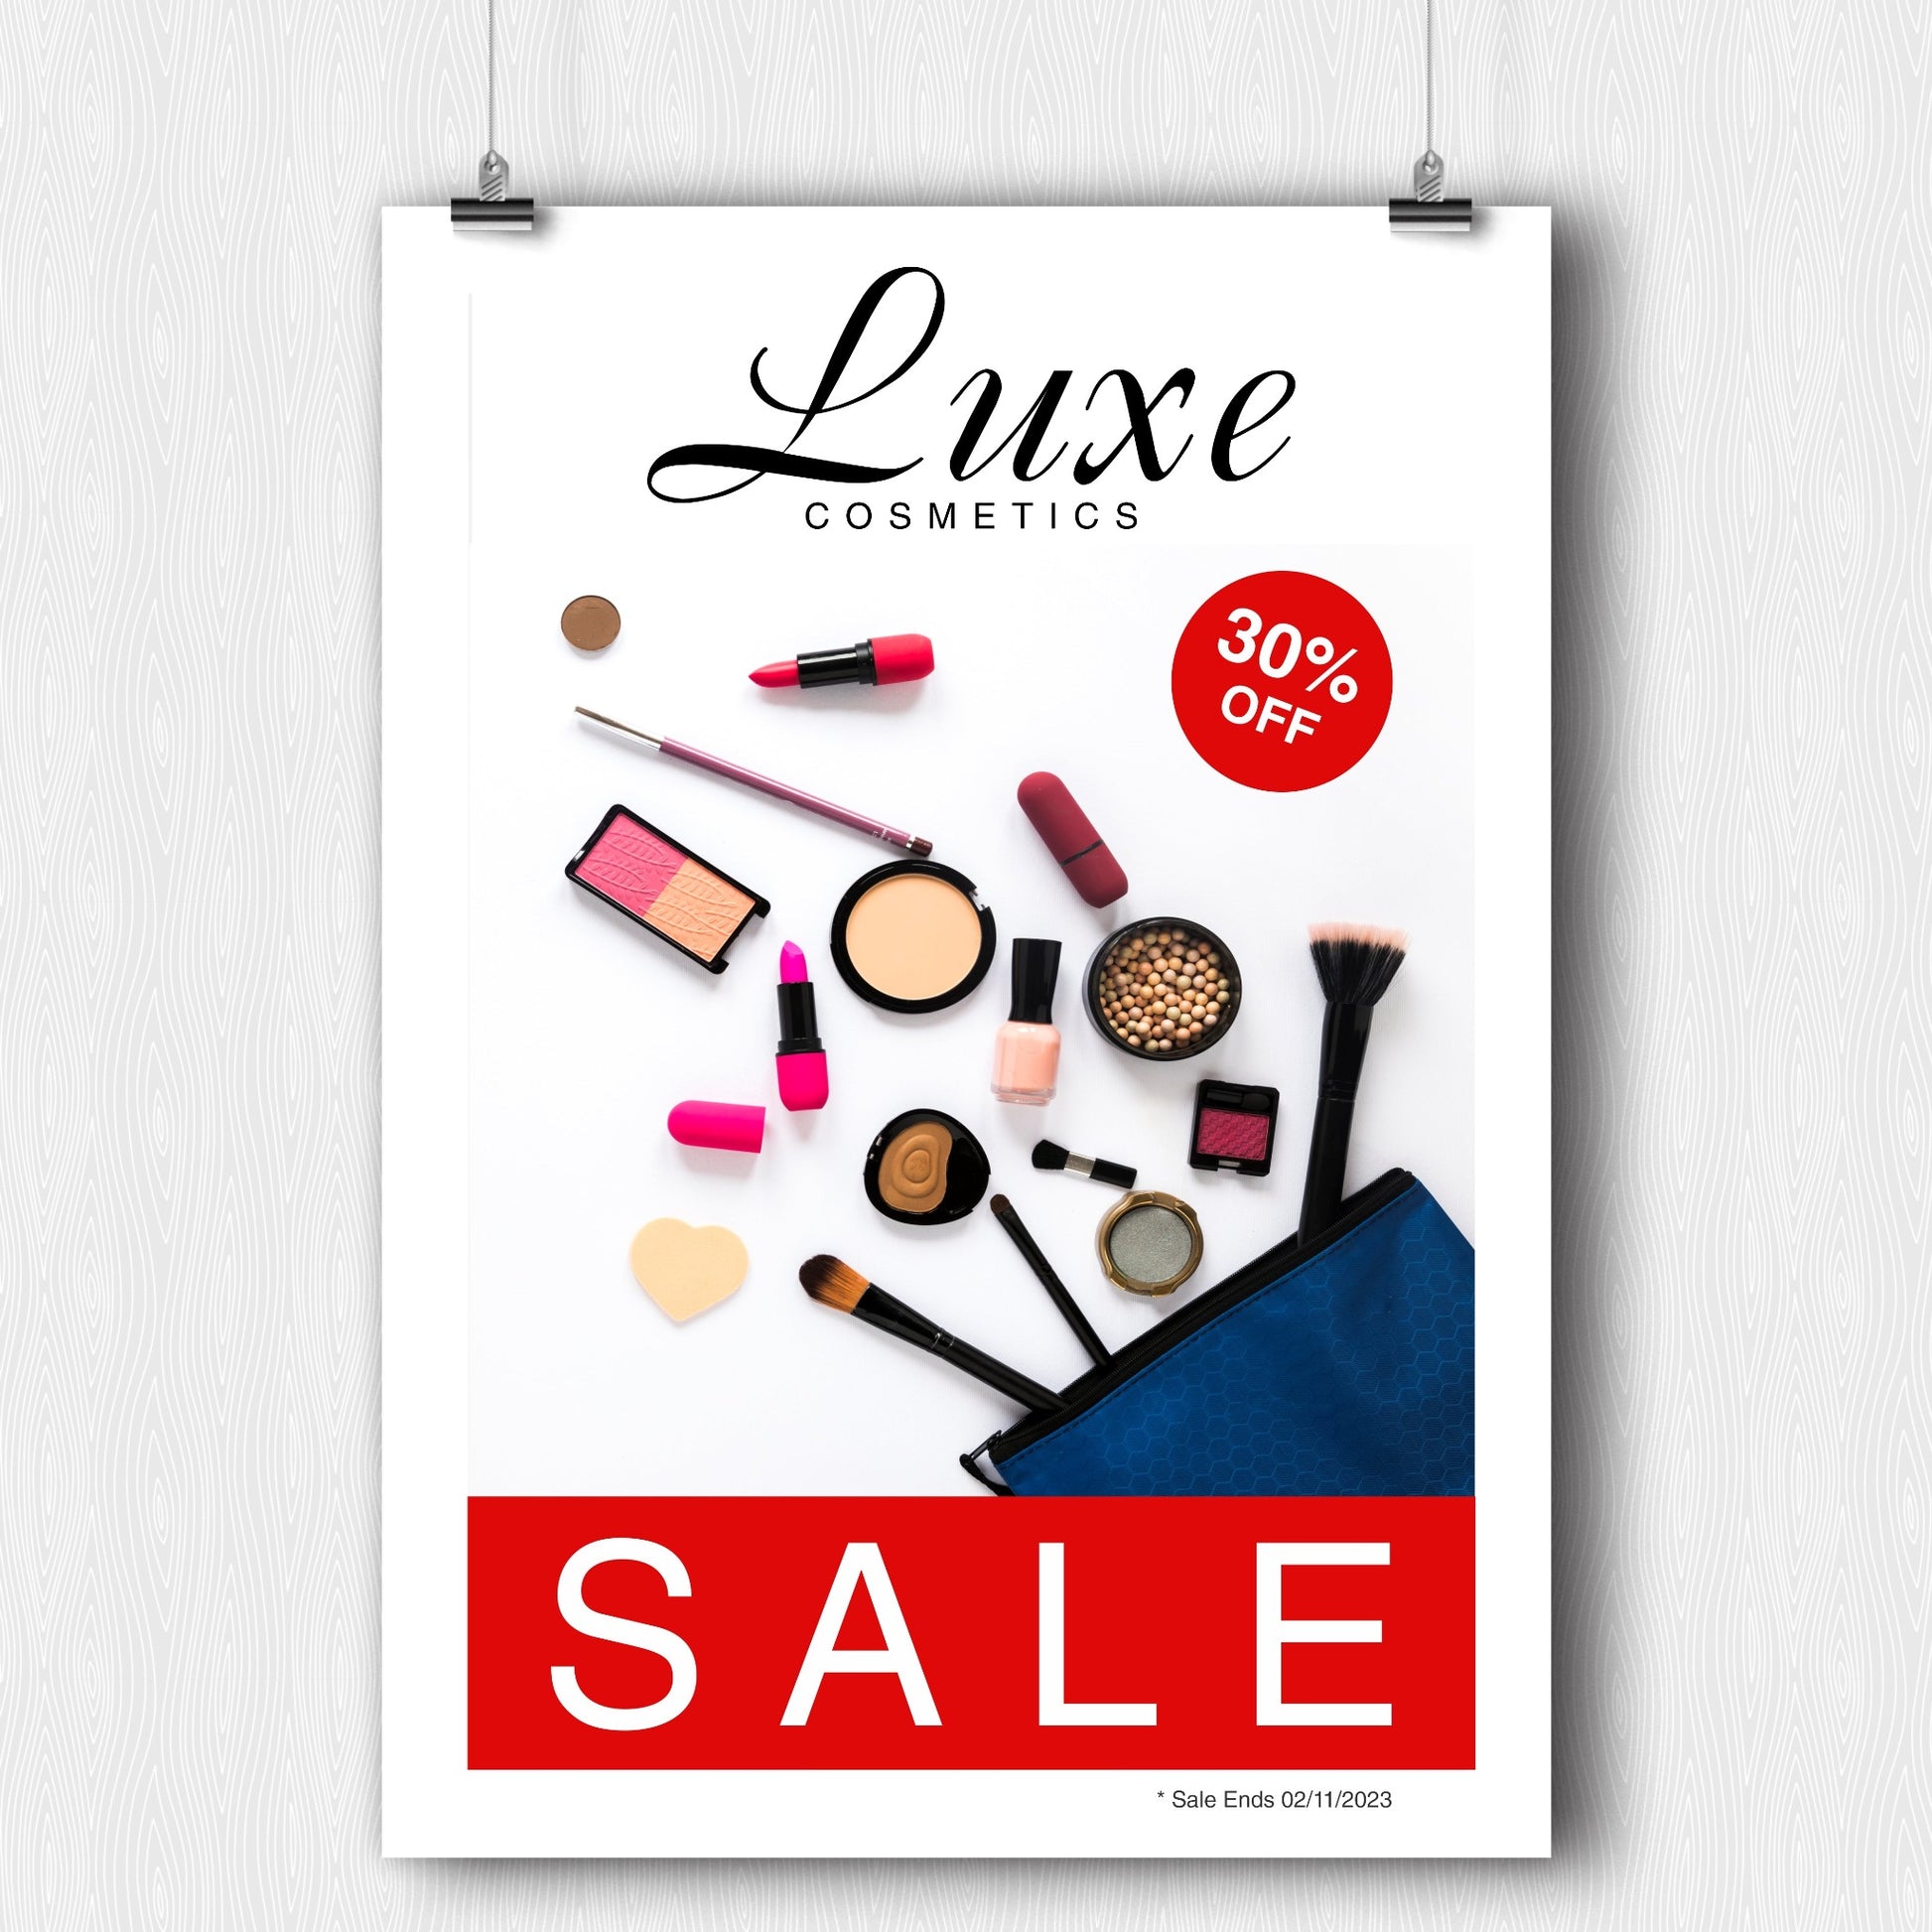 A photograph of a glossy advertising poster advertising a cosmetics sale
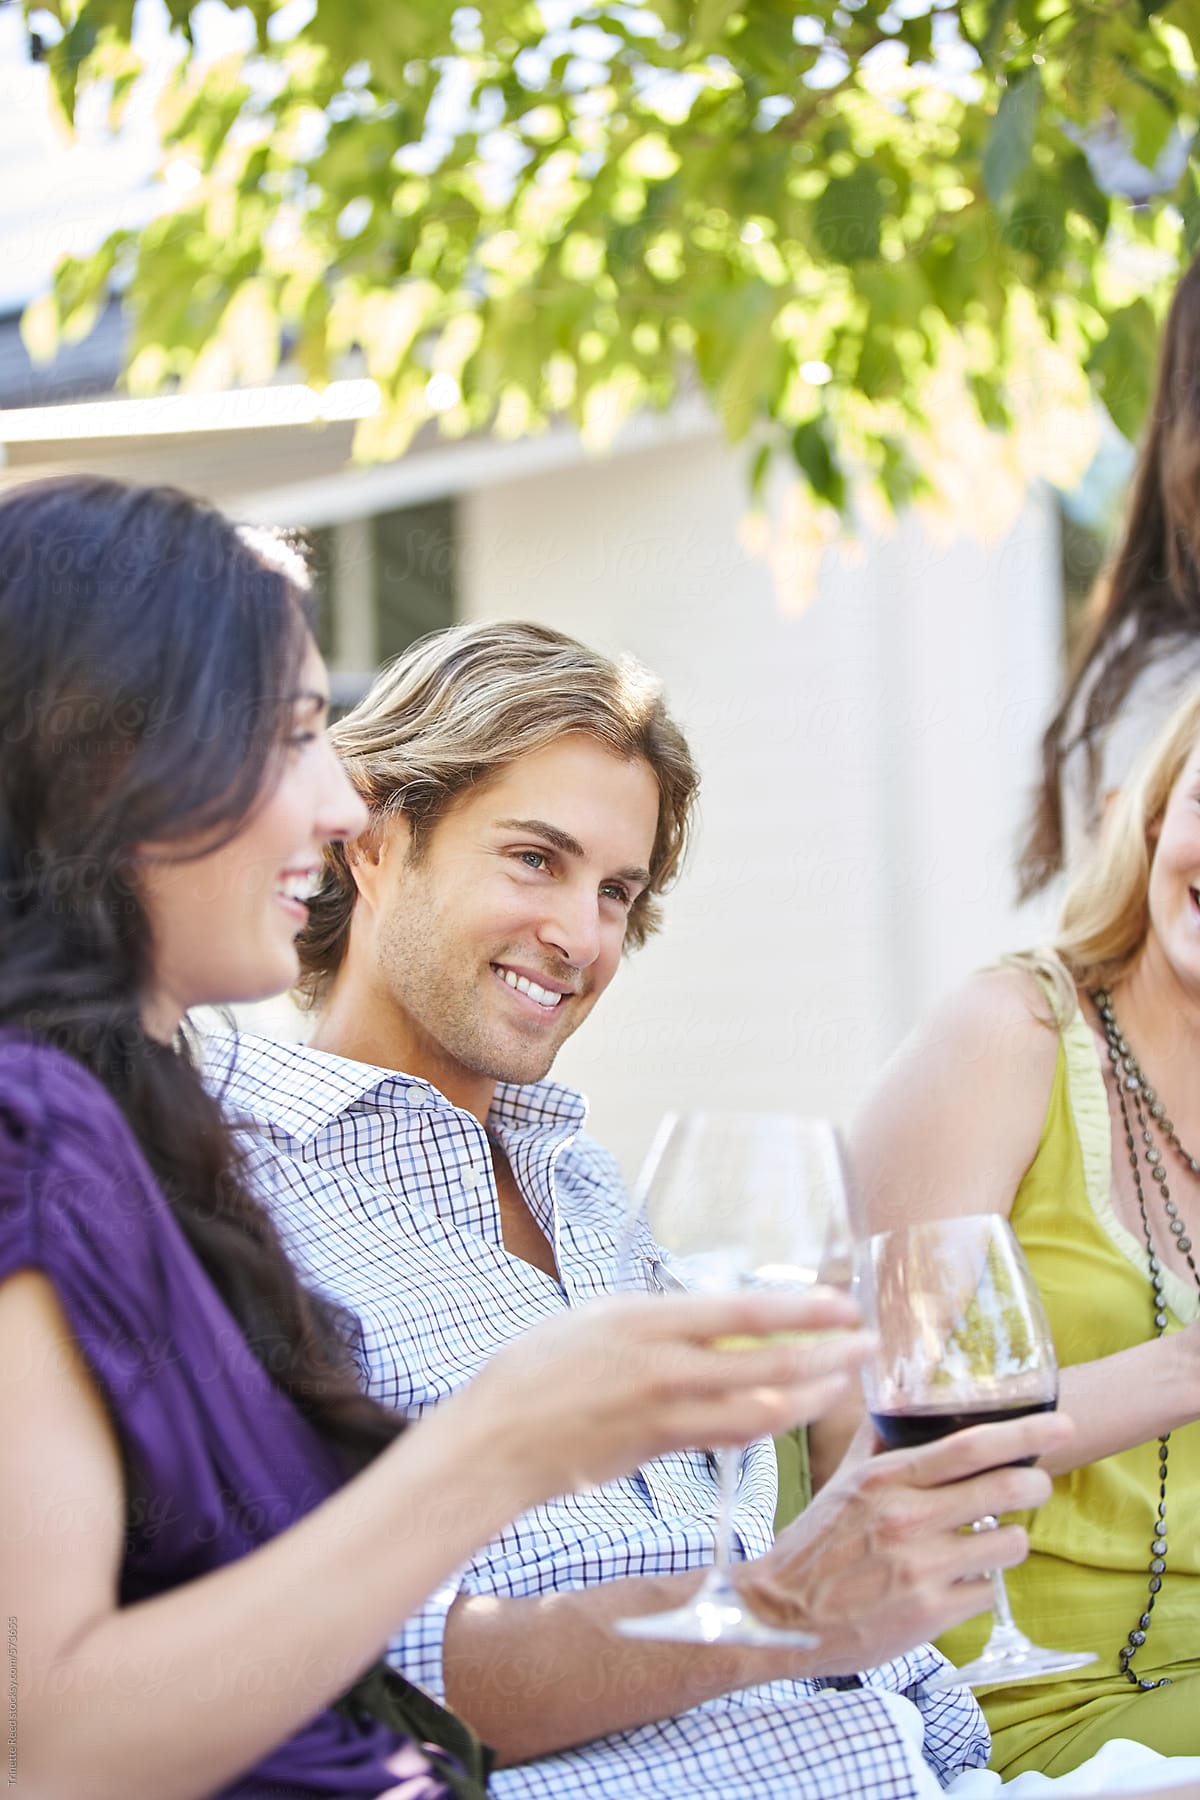 Group of friends drinking wine together outdoors
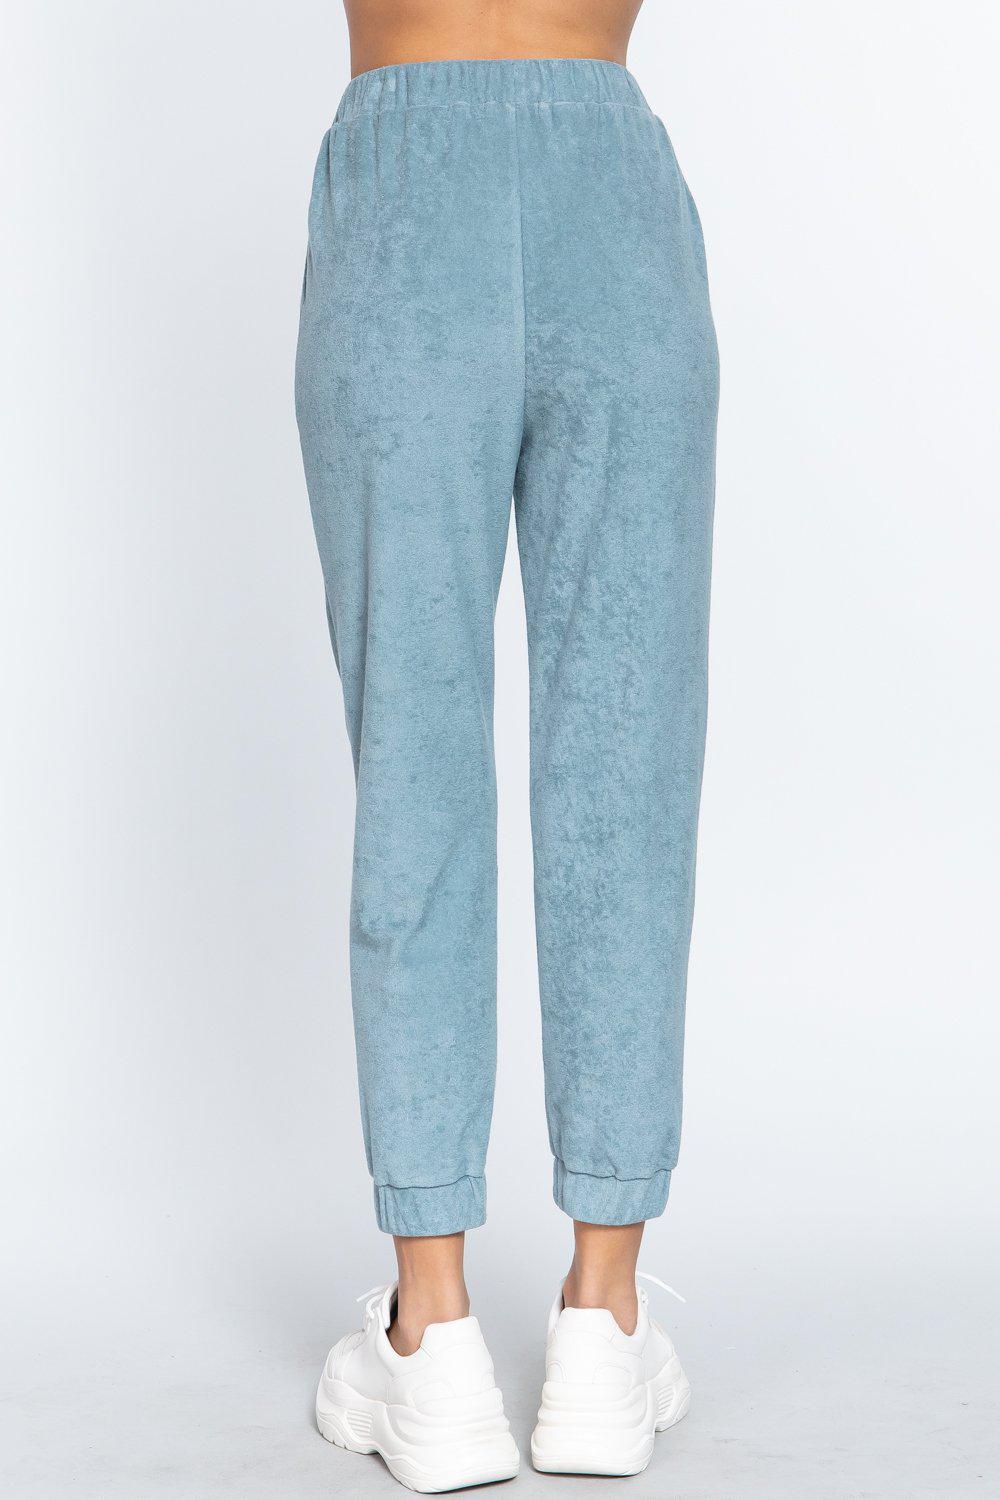 Terry Towelling Long Jogger Pants Blue Zone Planet
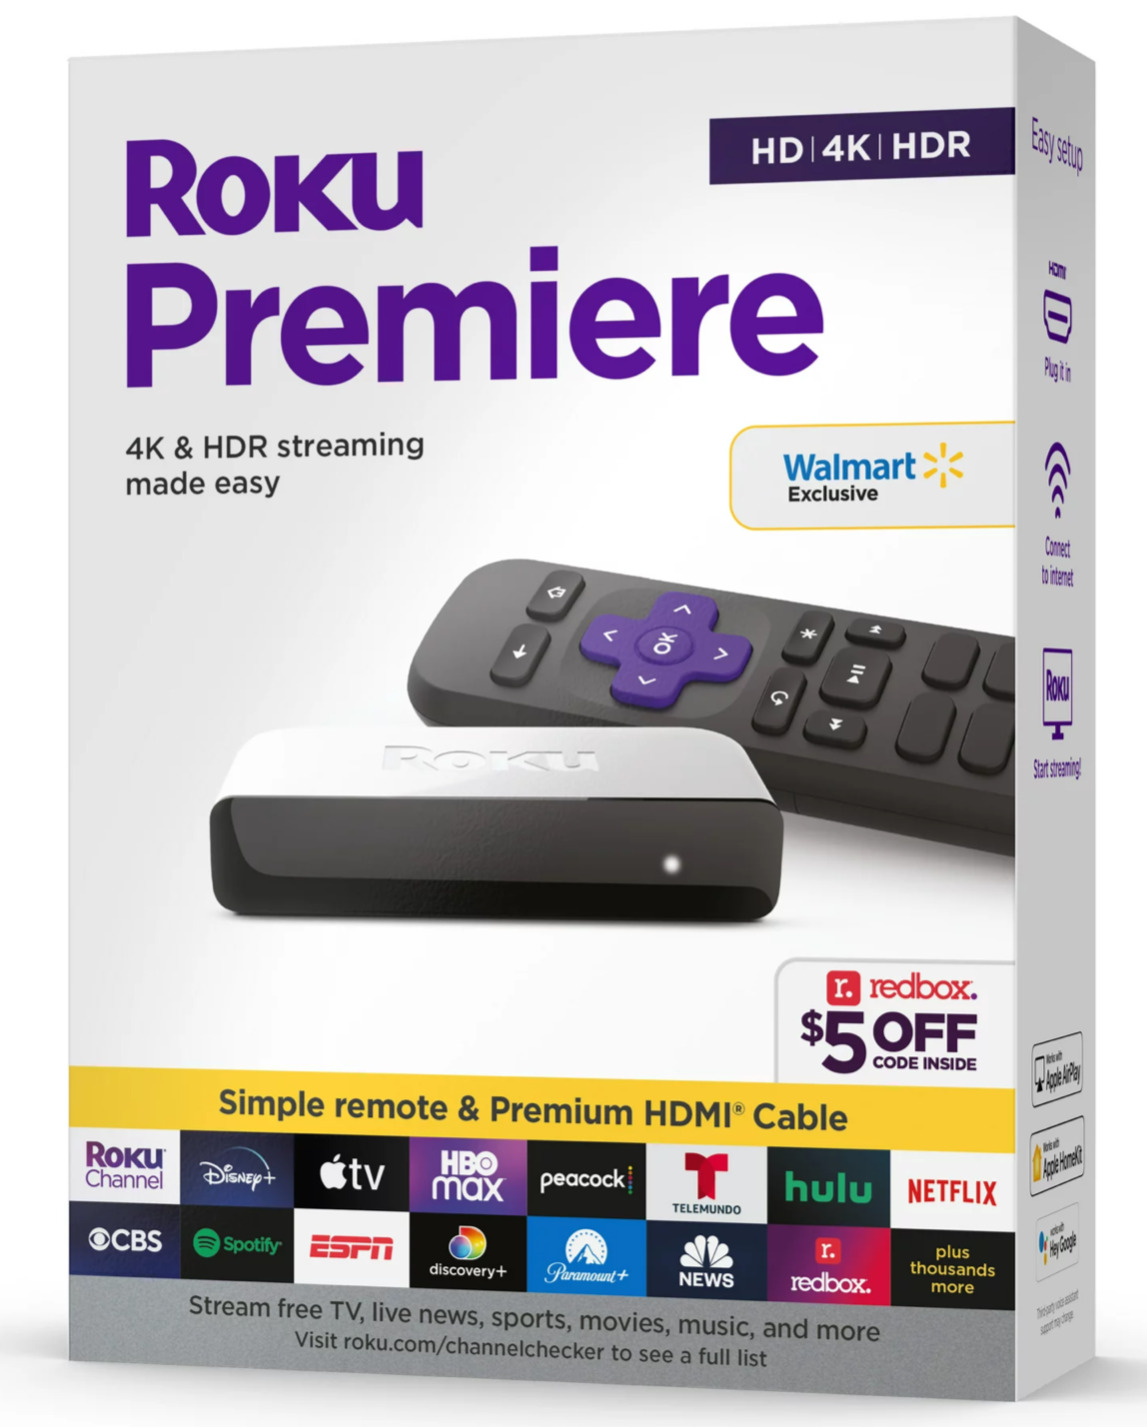 Newest Roku Premiere 3920Rw Hd/4K/Hdr Streaming Media Player,Latest Version!

=======

Exercise: Take the line with "Terry Towelling Long" and every line after it through the end of the data, and write only them out exactly, leaving out the pictures.

Solution for this task:
 Terry Towelling Long Jogger Pants Blue Zone Planet
 Newest Roku Premiere 3920Rw Hd/4K/Hdr Streaming Media Player,Latest Version!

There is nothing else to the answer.